Original Okinawan Karate/ Kempo included grappling in it's basic make up. If you want to learn more about grappling and ground fighting(for karate-do ka and kenshi they are two different things), then explore your kata in depth. The truth you seek is in there.

--Dave

:asian:


----------



## kroh (Sep 16, 2003)

Hey there All...

Being a well rounded fighter means that one should be able to act in offense/defense from all positions of movements.

Whatever you can do from your feet you should be able to do from kneeling and then sitting and then your back.   IS your back some where that you want to be...absolutely not.  However, being able to fight your way back up to your feet is essential if in this position.

One of the instructors we see yearly at our school ( W. "Hoch" Hochheim) has an excelent program that teaches fighting at all elevations.

www.hockscqc.com 

One of the previous posts hit the nail on the head though.  When the combat strategies for the systems that we study were created, almost all of them considered grappling.   Those movements are in the kata... Have your instructor point them out.  If he/she can't... Submit it to those on the forums from your system to point them out....Some one some where has seen the corect application...

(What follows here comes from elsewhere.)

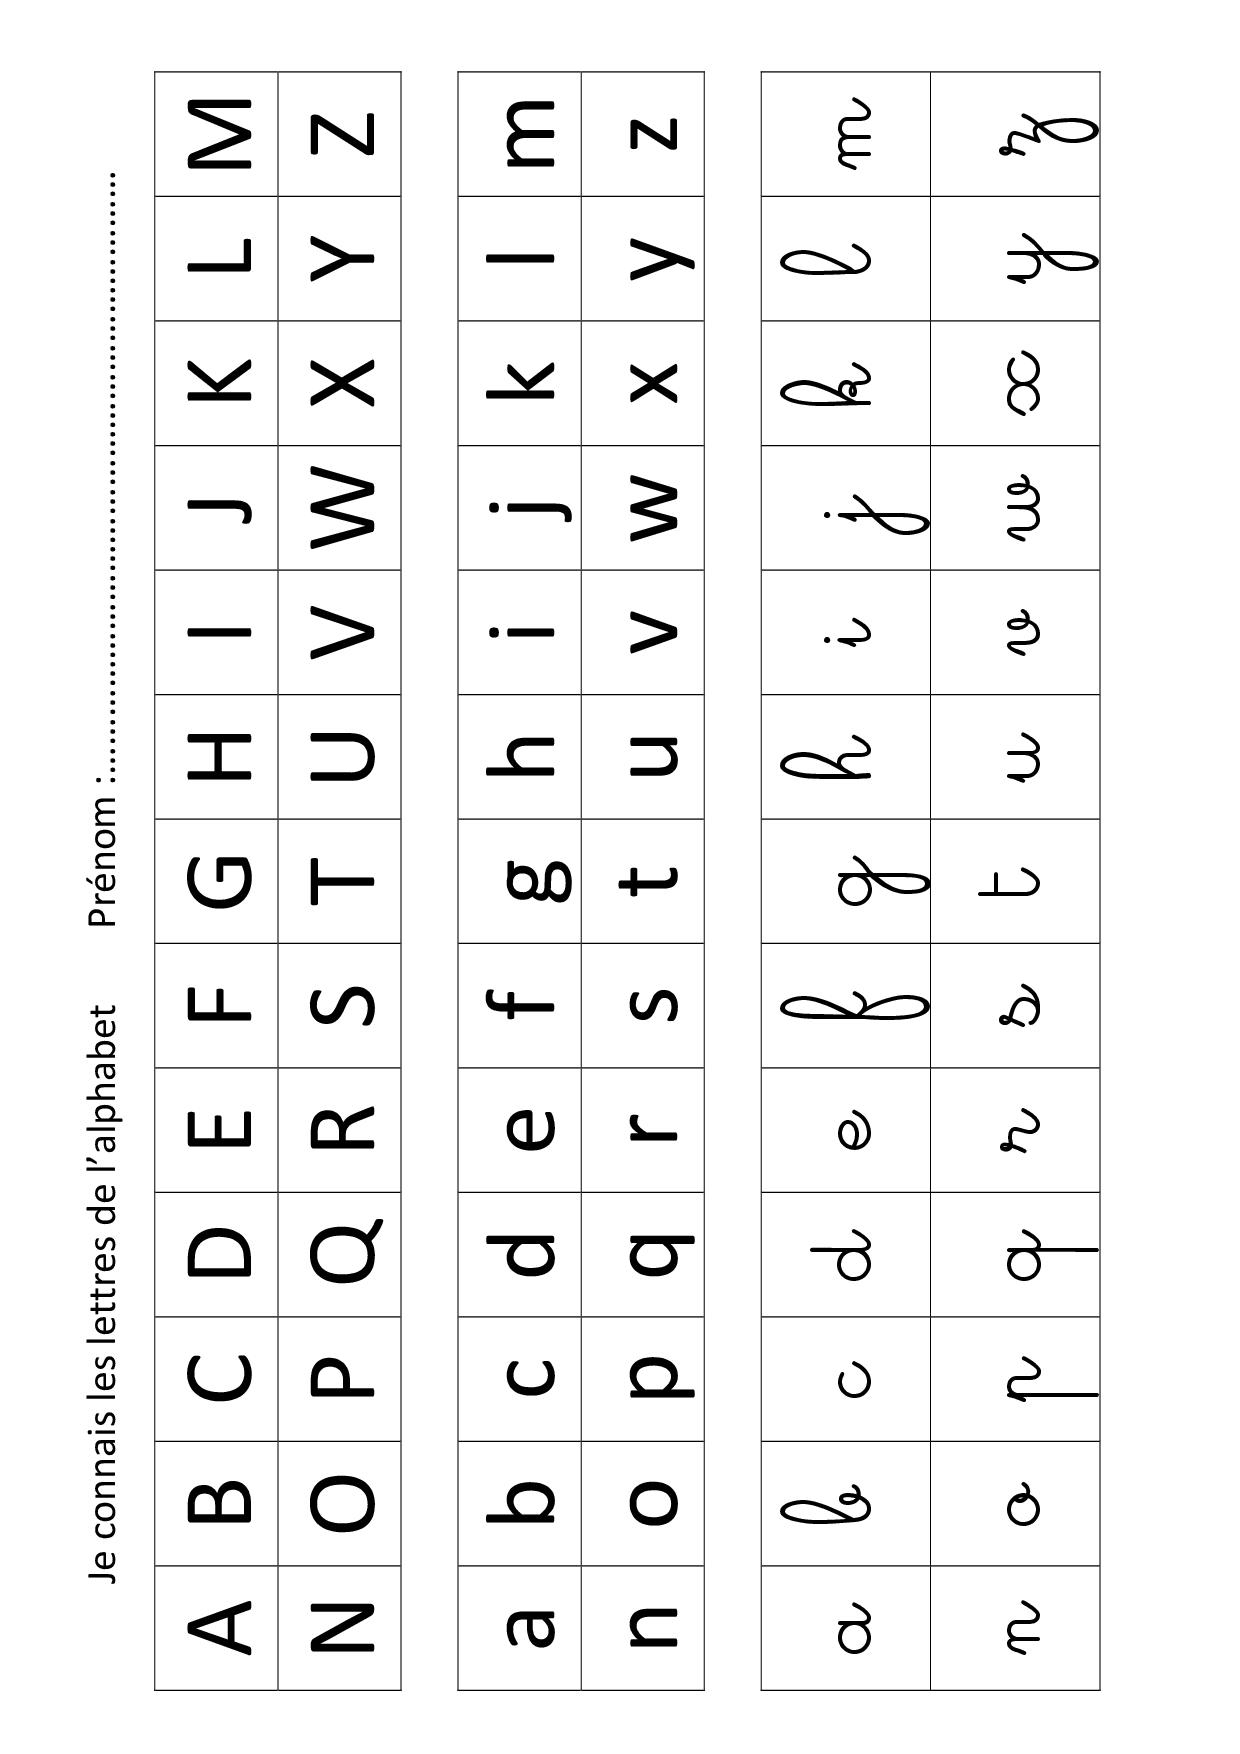 Apprendre Les Lettres De L'alphabet Avec Leap Frog - La encequiconcerne Ecrire L Alphabet
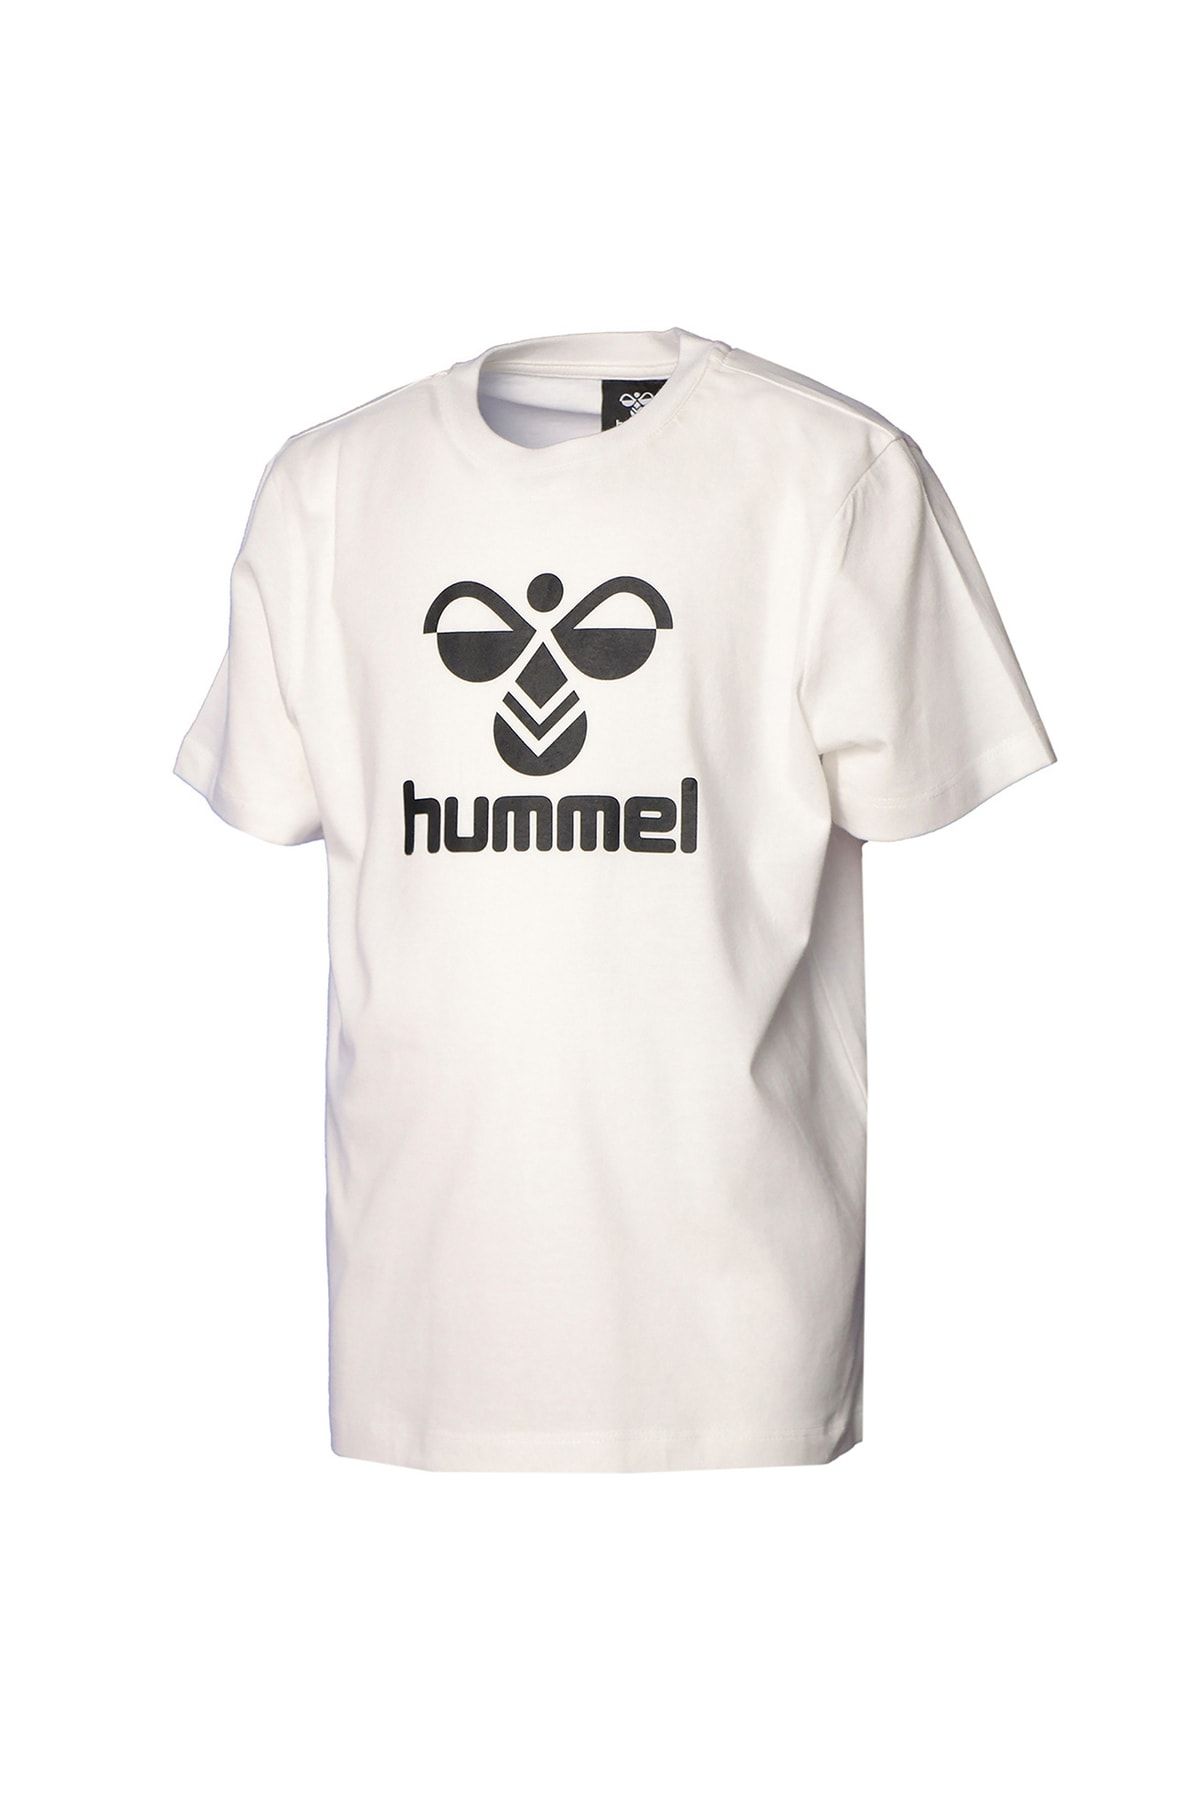 hummel Baskılı Kırık Beyaz Erkek Çocuk T-shirt 911653-9003 Hmllauren T-shırt S/s

This is the Net after all...

thanx for the minute
WalTartyon:


----------



## Shiatsu (Sep 18, 2003)

Kajukenbo karate definately incorporates grappling.  I believe some of the okinawan styles do a little bit as well.


----------



## kroh (Sep 18, 2003)

Hey there...

At the school where I train there is a system of Okinawan Karate-do called Uechi-ryu.   We see the kata for the system being trained all the time.  The Bunkai for the kata absolutely contains elements of throwing an oponent down and finishing them off.

you probably won't see any of these guys wrestling in the gaurd but the elements of fight by any means necessary are there in the kata.

Thanx for the minute...
WalT


----------



## D.Cobb (Sep 19, 2003)

*NAIHANCHI SHODAN*? , Shotokan people call it Tekki, and I'm sure that there are other names in other styles for it as well.

Haven't you ever wondered about the fact that it is only 2 dimensional? If you are on your back, and unable to get up, there are only 2 dimensions available to you. Same if you are on top of your opponent, and he is holding you down.

--Dave

:asian:


----------



## BushidoUK (Dec 16, 2003)

The style I train in is a freestyle system. (not competition focused). I was lucky enough to be taught by someone who was also dan graded in Jui Jitsu and he incorporated this into the syllabus. 
The traditional katas made so much more sense when more of the jui jitsu was used used as well as the karate. Sparring was also improved as the closer range gave more possibilities.
The two styles he was taught merged together almost seamlessly. We'll never be as good as a solid Jui Jitsu club who only practice in grappling but for an extension to karate I would recommend any karateka to include some form of grappling into their training.
Humility is a must, however. We have had guest instructors teach at the club and even their yellow belts could teach us a thing or two.


----------



## chaosomega (Dec 16, 2003)

> _Originally posted by Kempojujutsu _
> *Every one in the MMA says its worthless. But the Horse stance is what you do when you have someone in the mount, side mount or  even the guard. How about standing arm bar, legs are wide and you drop your body weigh to apply that lock.
> Bob :asian: *



I know a takedown called the "Horse Stance Slam"...


----------